Eu não sou assim muito das redes sociais, embora reconheça que a gente escreve e tem acesso à informação. Isso tem vantagens, isso é bom. Não podemos dizer que isso não é. E é muito engraçado. Dos cinco e dos quatro [anos], tenho 19. No outro dia diziam-me: "Mas que engraçado, eles vão tanto para a biblioteca.". Quer dizer, eu faço de facto uma força muito grande para introduzir [isto] de gostar de ir. Eu acredito mesmo nisso. Obviamente não posso recusar. No outro dia era tanto que disse: "Ok, vamos então, vamos ver aqui.". Vamos lá ver. Depois fiz o meu trabalho de sair. Esta figura aqui no telemóvel não tem muita graça. Faço assim um trabalho, mas não posso negar. Mas eu tento sempre. Eles já sabem, já aprenderam. Eu digo: "Foi esta educadora que vos saiu, é assim.". Mas, de facto, o que nós vemos são as crianças que crescem em contextos influenciadas e aprendem com o que veem. Não há outra forma. "Ai as crianças estão... Olha, nós estamos todos.".

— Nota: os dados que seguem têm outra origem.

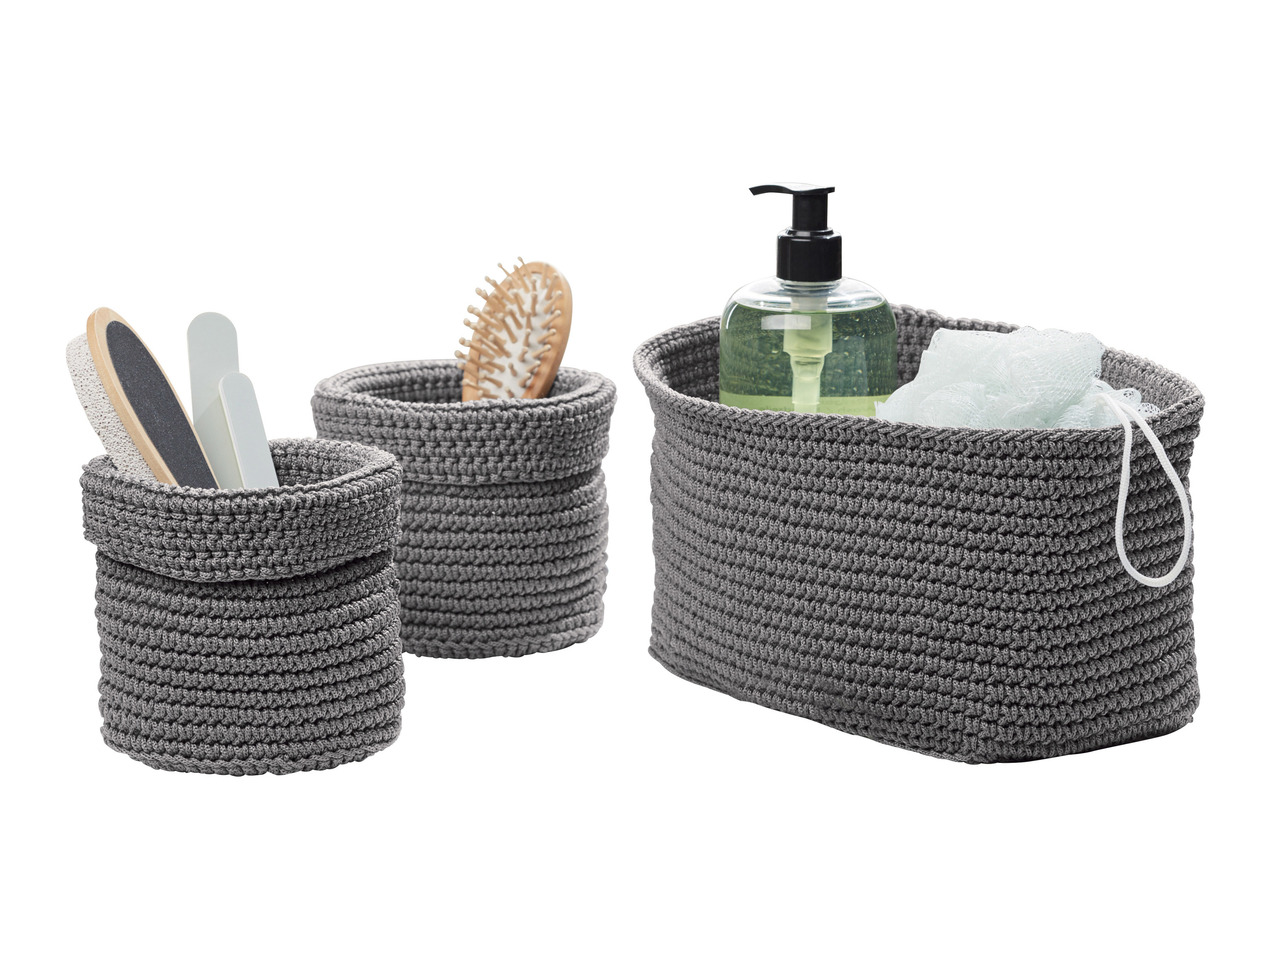 MIOMARE Crocheted Storage Baskets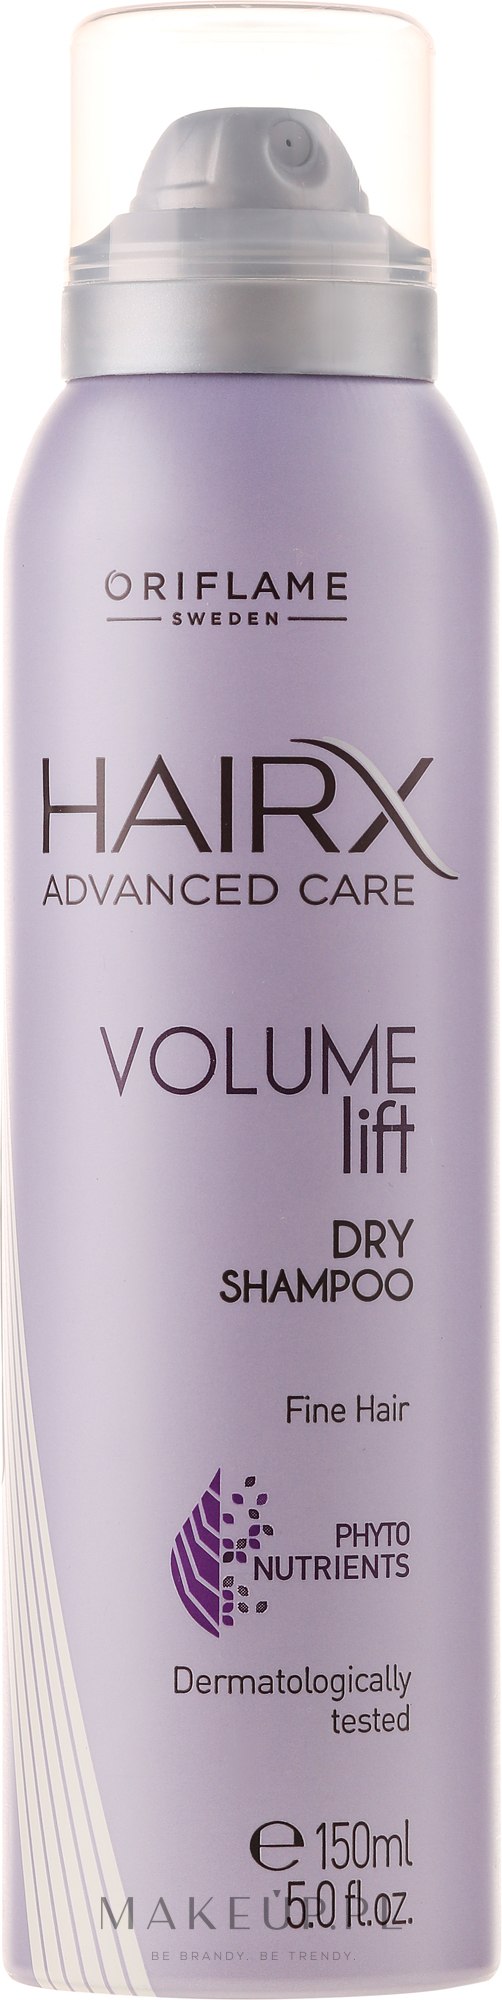 szampon hair volume lift oriflame opinie

Arquivos\Pré_Escolar\Mariana

Depois recebi a etnia cigana, já ao fim de trinta e três anos de trabalho, recebi a etnia cigana. Foi uma aprendizagem... E eu recebi a etnia cigana assim: "professora, eu já incendiei o carro da professora lá de cima. Se você se mete comigo ou com o meu filho eu incendeio o seu". Assim, um cartão de visita espetacular. A criança não andava, não falava, era o meu I. e a prima, mas a prima andava e falava normalmente, ele não. E eu fiz aquilo... Qual foi o problema, não foi a ação pedagógica, que no início do ano o diretor levou lá uma cadeira de rodas para a criança andar, e eu disse: então se eu quero que ela ande para que é que quero a cadeira de rodas?. Ele ao fim de um ano estava a falar, pouco, mas a falar alguma coisa e estava a andar, a correr. Nós fizemos este trabalho: eu segurava-o e a assistente operacional com as pernas movimentava-lhe as pernas e depois púnhamos ao contrário, segurava ela e eu movimentava as pernas. Depois, por fim, até já algumas crianças mais velhas faziam isso, seguravam e faziam esse trabalho com ele.


Arquivos\Pré_Escolar\Olga

Depois passei pela cidade, passei por outros concelhos do distrito. E depois estive na CERCI durante três anos também. E foi uma experiência muito intensa.

Entrevistadora: Acredito.

Olga: Foi o contacto com a deficiência. Na altura sabíamos pouco, tínhamos que ler muita coisa, tínhamos que procurar para sabermos o que eram as questões das crianças. Foi muito importante o contacto com os pais, o suporte afetivo, psicológico, o acompanhamento aos pais. Acompanhar as crianças a consultas a Coimbra, sair daqui às 05h00 da manhã com pais, ir à consulta. O sofrimento dos pais, as perguntas que nós também não tínhamos resposta, mas estávamos ao lado deles. Portanto, foi uma experiência muito interessante com colegas do primeiro ciclo.


Arquivos\Pré_Escolar\Rute

Na altura, o meu agrupamento precisava de uma pessoa nesse lugar, tinha muitas, é o agrupamento de H. que tem mais bibliotecas ao nível do primeiro ciclo, por isso, precisava de uma pessoa com alguma experiência ao nível da animação. Neste tempo que estive no CNASTI, nesta organização não governamental, eu tinha que ter uma parte de animação mesmo, considerada atividade pedagógica não letiva. Eu fazia também muitas animações, ou animações em escolas, dinamizava workshops para as crianças e jovens entenderem o que é trabalho infantil, o que pertence à esfera do trabalho infantil condenável por lei, digamos assim, o que é o trabalho saudável, salutar, o que é aquilo que eles podem colaborar e que os faz desenvolver competências, que não é considerado trabalho infantil.